When you return the data, keep every word exact and include none of the images.
DATA SEGMENT below:
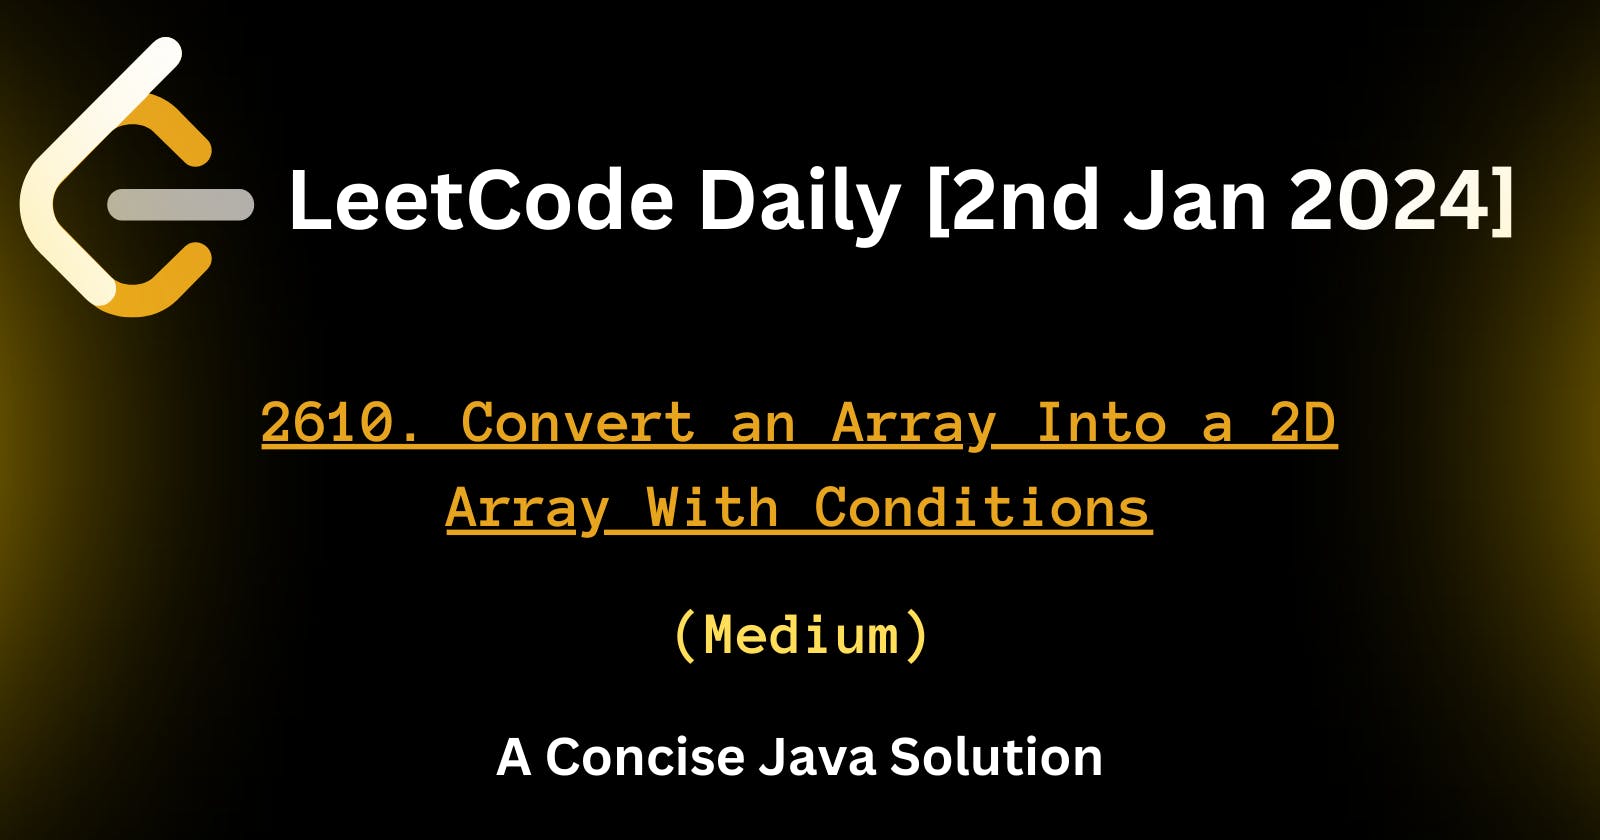 LeetCode Daily (2nd Jan 2024) 
Convert an Array Into a 2D Array With Conditions
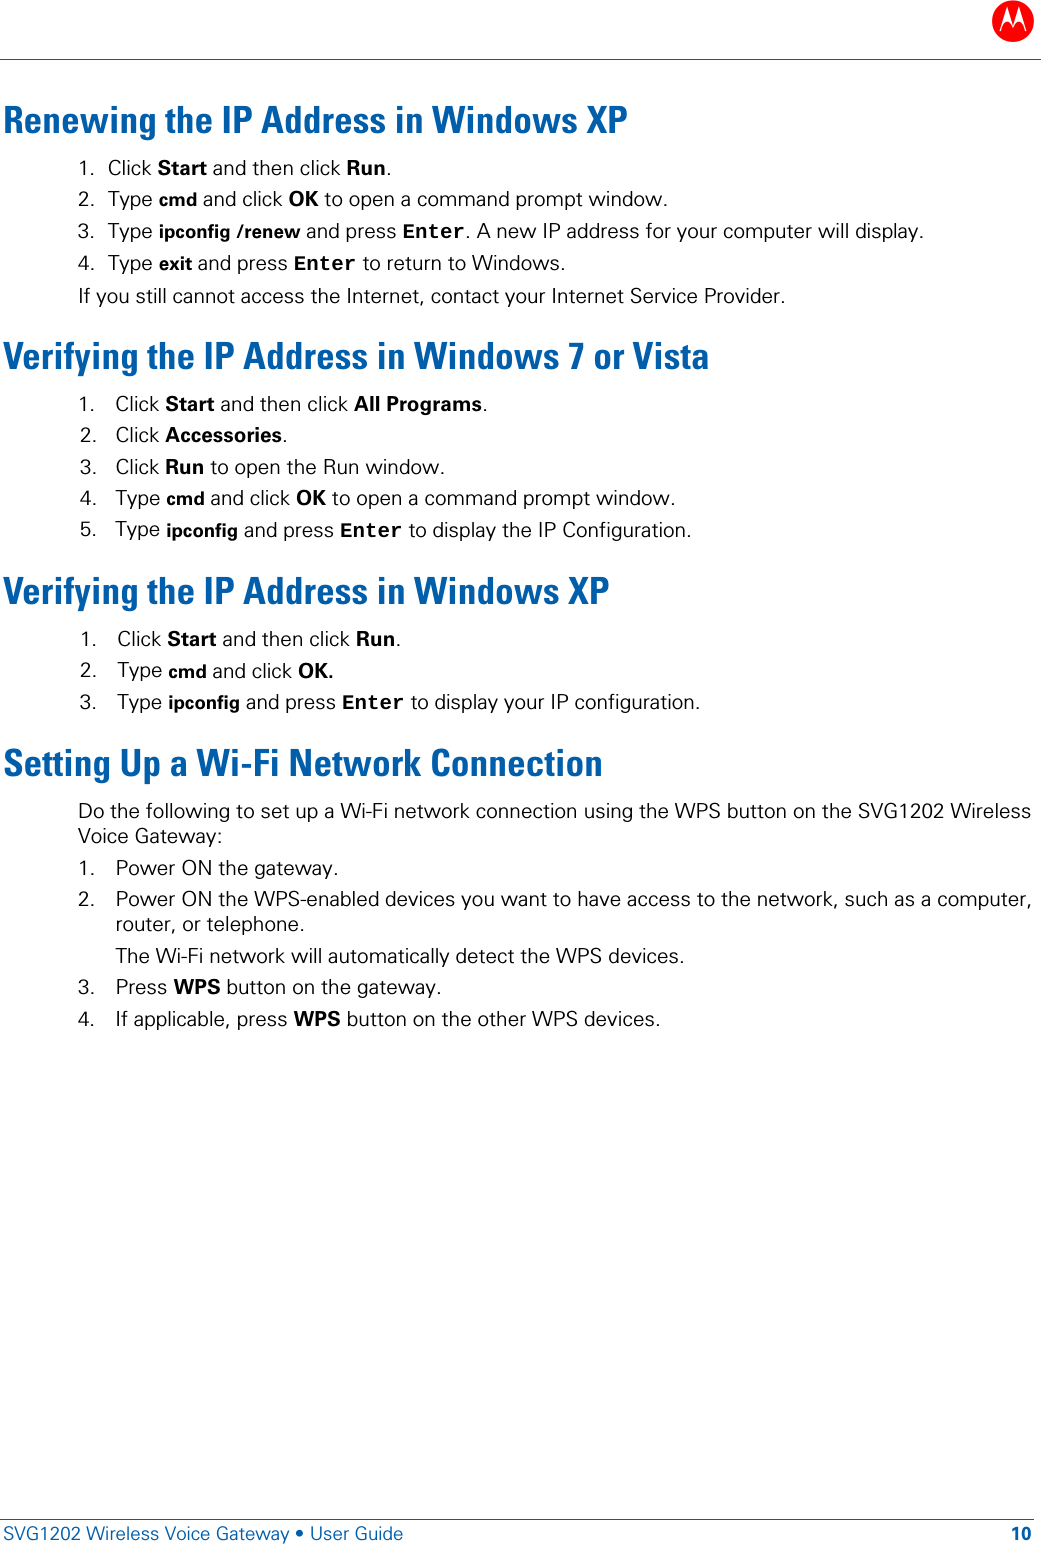 B   SVG1202 Wireless Voice Gateway • User Guide 10  Renewing the IP Address in Windows XP 1. Click Start and then click Run. 2. Type cmd and click OK to open a command prompt window. 3. Type ipconfig /renew and press Enter. A new IP address for your computer will display. 4. Type exit and press Enter to return to Windows.  If you still cannot access the Internet, contact your Internet Service Provider. Verifying the IP Address in Windows 7 or Vista 1. Click Start and then click All Programs. 2. Click Accessories. 3. Click Run to open the Run window. 4. Type cmd and click OK to open a command prompt window. 5. Type ipconfig and press Enter to display the IP Configuration. Verifying the IP Address in Windows XP 1. Click Start and then click Run.  2. Type cmd and click OK.  3. Type ipconfig and press Enter to display your IP configuration. Setting Up a Wi-Fi Network Connection Do the following to set up a Wi-Fi network connection using the WPS button on the SVG1202 Wireless Voice Gateway: 1. Power ON the gateway. 2. Power ON the WPS-enabled devices you want to have access to the network, such as a computer, router, or telephone. The Wi-Fi network will automatically detect the WPS devices.  3. Press WPS button on the gateway. 4. If applicable, press WPS button on the other WPS devices.
End of DATA SEGMENT.
▶ _YOUR SOLUTION_
 LeetCode Daily (2nd Jan 2024) 
Convert an Array Into a 2D Array With Conditions
 B   SVG1202 Wireless Voice Gateway • User Guide 10  Renewing the IP Address in Windows XP 1. Click Start and then click Run. 2. Type cmd and click OK to open a command prompt window. 3. Type ipconfig /renew and press Enter. A new IP address for your computer will display. 4. Type exit and press Enter to return to Windows.  If you still cannot access the Internet, contact your Internet Service Provider. Verifying the IP Address in Windows 7 or Vista 1. Click Start and then click All Programs. 2. Click Accessories. 3. Click Run to open the Run window. 4. Type cmd and click OK to open a command prompt window. 5. Type ipconfig and press Enter to display the IP Configuration. Verifying the IP Address in Windows XP 1. Click Start and then click Run.  2. Type cmd and click OK.  3. Type ipconfig and press Enter to display your IP configuration. Setting Up a Wi-Fi Network Connection Do the following to set up a Wi-Fi network connection using the WPS button on the SVG1202 Wireless Voice Gateway: 1. Power ON the gateway. 2. Power ON the WPS-enabled devices you want to have access to the network, such as a computer, router, or telephone. The Wi-Fi network will automatically detect the WPS devices.  3. Press WPS button on the gateway. 4. If applicable, press WPS button on the other WPS devices.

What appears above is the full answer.